If you want to wrap your mind around both the very real benefits and the risks of chlorine, it helps to understand how it works. As soon as you put chlorine into your pool in the form of liquid, tablets or powder, it immediately reacts with the water to make hypochlorous acid. This acid goes to work breaking down the cells of the many pathogens that you definitely do not want in your pool water. That’s all well and good, but something else also happens during this chlorination process: Hypochlorous acid also gets together with some of the various compounds it has destroyed, most notably ammonia. These undesirable marriages result in nasty chemicals called chloramines. Without a doubt, chloramines are the disruptive, bad outlaws in your pool that wreak havoc. Among other things, they reduce the bacteria-fighting effectiveness of the free chlorine in your pool, and they can cause discomfort and damage to the largest organ in your body, your skin.
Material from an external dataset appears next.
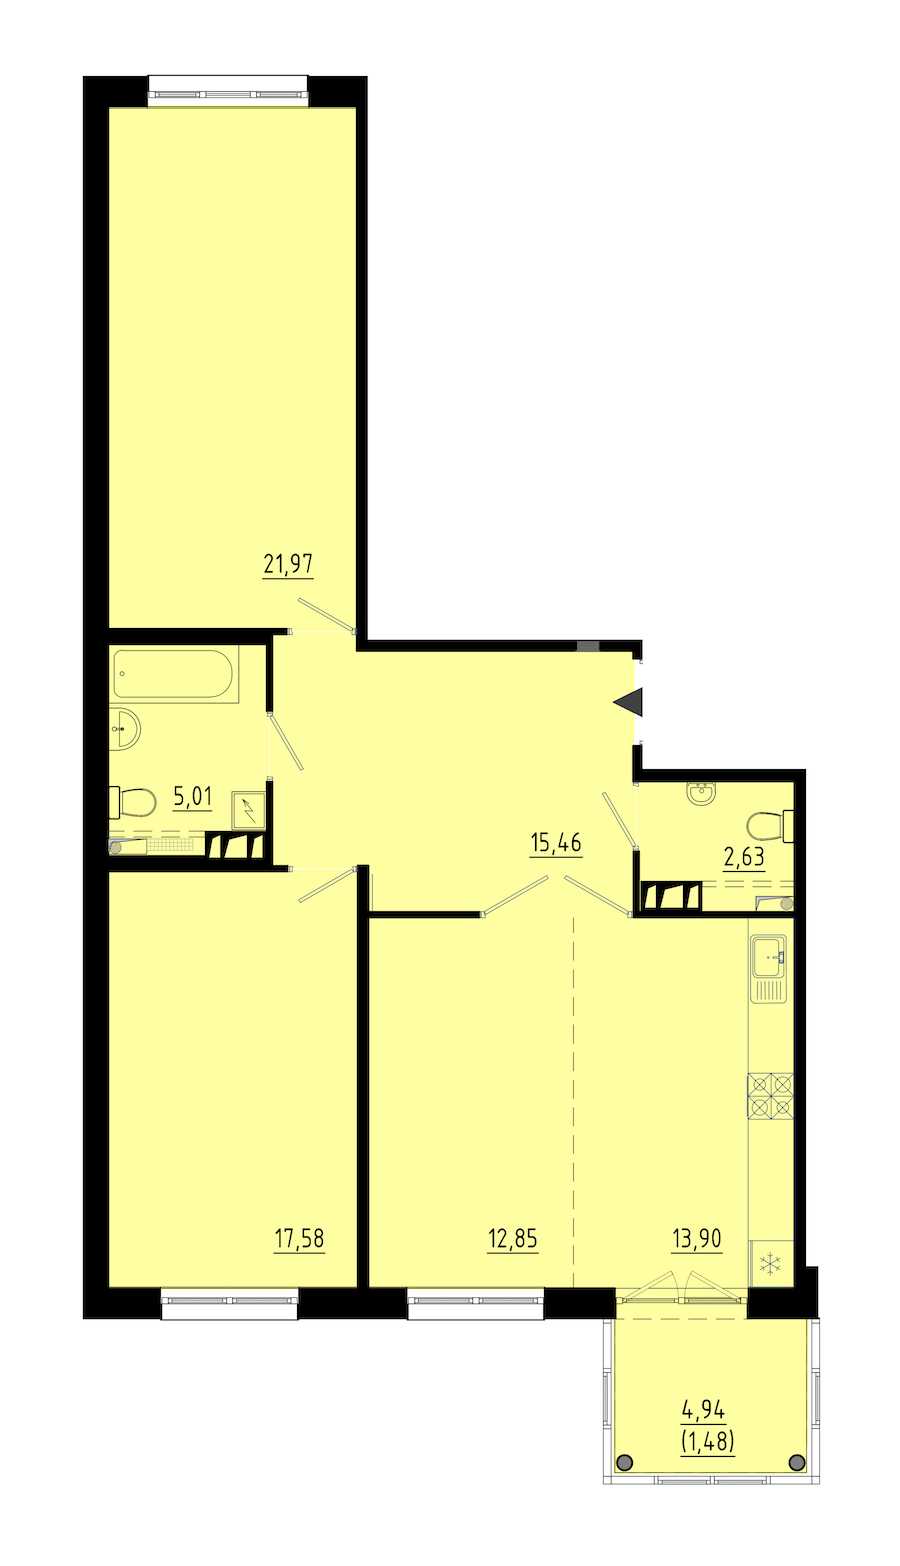 Двухкомнатная квартира в : площадь 90.3 м2 , этаж: 3 – купить в Санкт-Петербурге

When your bare skin hits chlorinated water, your pores open, allowing the hypochlorous acid to begin stripping your skin of the natural oils that keep it moist and supple. Long after you have finished your swim and have flopped down on your chaise lounge for a nap, the acid continues its drying deeds. To make matters worse, the process is exacerbated if you are exposed to the sun’s drying ultraviolet rays.
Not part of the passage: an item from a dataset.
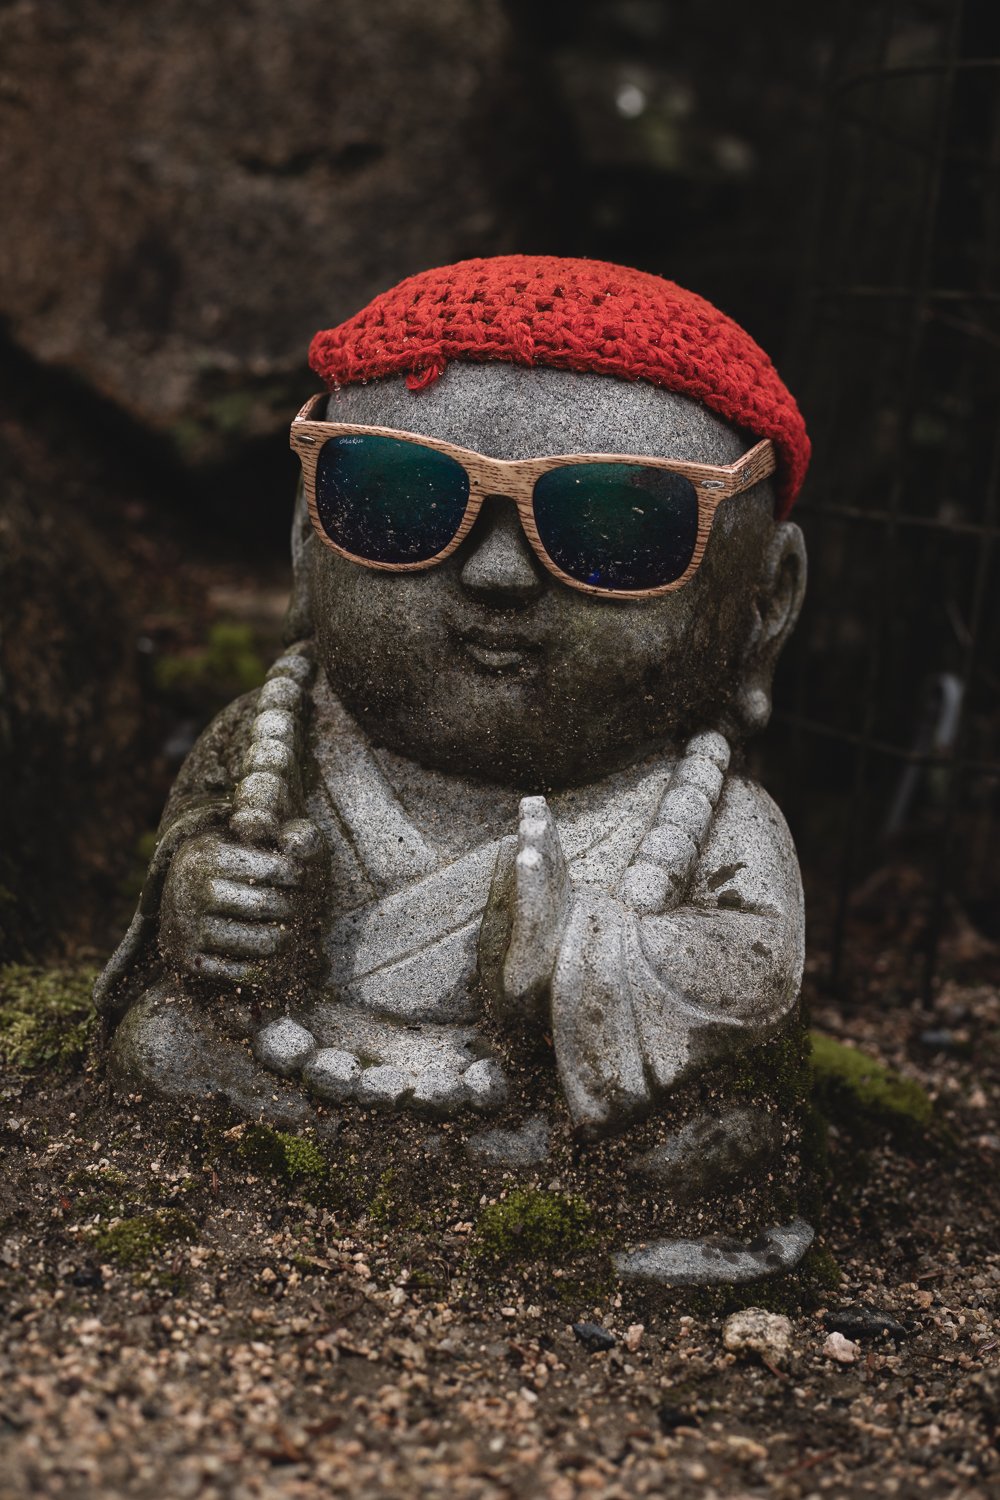 Au statuette aux allures de moine en pierre. Elle porte un bonnet rouge et des lunettes de soleil

People with pre-existing skin conditions such as psoriasis, eczema and dermatitis can often fare even worse when they come into contact with chlorinated water. This is because their skin is already vulnerable and hypersensitive to damage. Highly uncomfortable symptoms can include redness, itchiness, rashes, dry skin and psoriasis scaling. If a person’s reaction is particularly severe, the skin can be damaged at the cellular level, making the healing process more difficult and protracted.
If all of this talk of desiccation, itching and rashes makes you want to become a landlubber once and for all, take heart. You can still enjoy the pleasures of swimming in chlorinated water in spite of chlorine’s mixed blessing. Moderation and some common-sense precautions can ensure that you can continue to enjoy splashing in your pool throughout the summer.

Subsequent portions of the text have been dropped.